Move to Spring Street & Development of Nevelson’s Cathedrals
In 1956, Haseltine moved into Nevelson’s home and traded his work for boarding. He accompanied Nevelson’s move to Little Italy’s Spring Street in 1958 and played a role in convincing her to leave the emotional safety of her beloved condemned brownstone on 30th Street. The two artists were in constant collaboration with each other and Haseltine’s free spirit was said to have rekindled the mid-career artist. Haseltine and Argentieri helped gather materials for her landmark wooden sculptural walls (“cathedrals,” the first of which exhibited in 1958) which rivaled the other artists’ large scale Abstract Expressionist canvases. Haseltine and Argentieri would search for material in abandoned buildings in New Jersey together. Haseltine would saw and hammer away at the found material after Nevelson laid out the construction. Argentieri photographed Nevelson’s studio and art. Over the years of their friendship, Nevelson would gift him some of her prints and drawings.
Nevelson in the 1960s
The 1960s found Nevelson in legal turmoil involving gallery contracts and real estate. Haseltine also began the years of the new decade experiencing his own personal troubles as his relationship with Argentieri had ended. Haseltine and Nevelson both went through a period of easing their depression with drinking. Nevelson’s career had plummeted alongside her mood. In April 1963 Nevelson traveled to Los Angeles at the request of the Tamarind Workshop and produced a cathartic series of lithographs. During her three months away, Nevelson received positive reports from her son who visited Haseltine in New York. Nevelson transformed her outlook and returned to New York reinvigorated.

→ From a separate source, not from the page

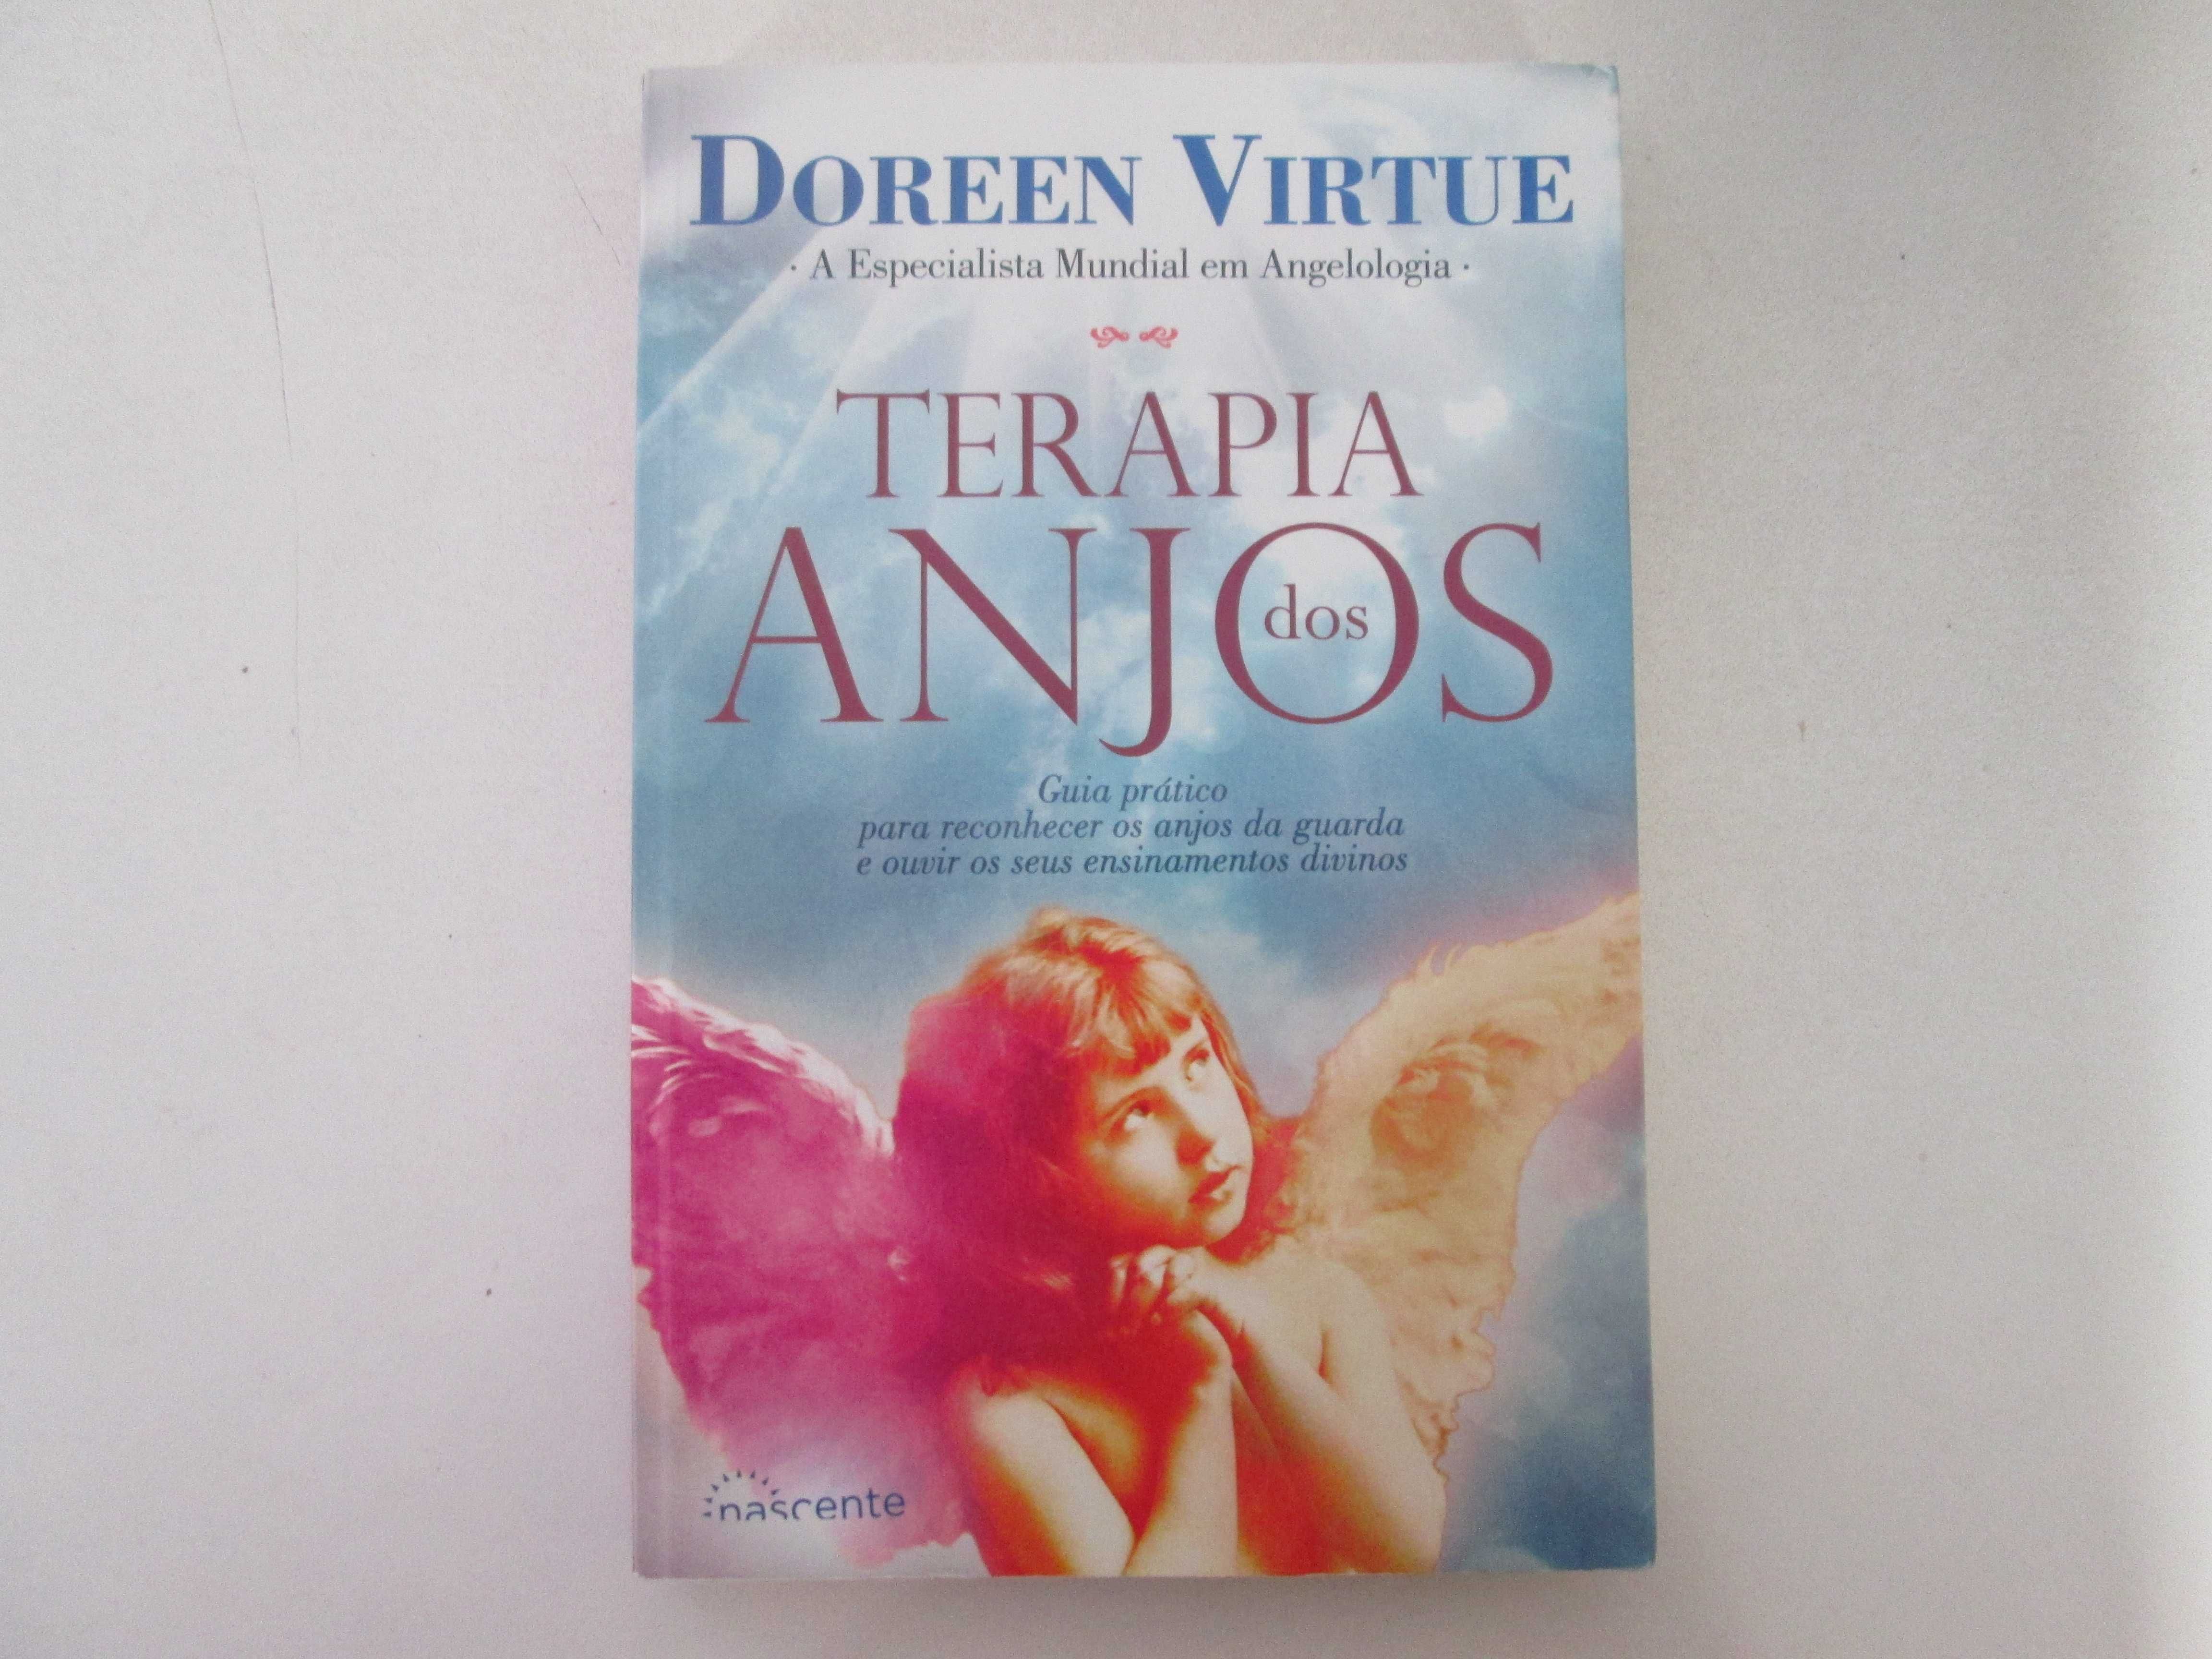 Terapia dos Anjos- Doreen Virtue

By that winter, Haseltine’s health was failing and the following summer he had to undergo an operation (presumably due to heavy drinking). In August, though originally thought to be in recuperation, he collapsed in Nevelson’s bedroom and reportedly died of a cerebral blood clot. Nevelson dealt with Haseltine’s death with her common tactic of insulating herself and declined to attend her assistant’s funeral and avoided talking about him entirely. Haseltine’s funeral was held in Hudson Falls, New York, where Argentieri had arranged for him to be given a Roman Catholic burial next to his mother. Nevelson’s biographer, Laurie Wilson, PhD, suspects that Nevelson’s work on Homage to 6,000,000 dedicated to victims of the Holocaust, was part of the artist’s private grieving process.
From 1965 through 1966, Nevelson made the decision to have her Atelier 17 experimental plates reprinted by Emiliano Sironi at the Hollander workshop. Though the original Atelier 17 prints have more of an expressive, bold quality, Nevelson’s Hollander edition gained more popularity. Nevelson spontaneously re-titled the etchings as she saw them being printed. Her titles were based on what she saw in the image at that time. With a decade more of life behind her, Nevelson saw a new vision in these prints. In 1965, Nevelson donated several of her original Atelier 17 works to the Brooklyn Museum in Haseltine’s memory. Argentieri’s Nevelson prints, each unique in the artist’s additions, remained with his family.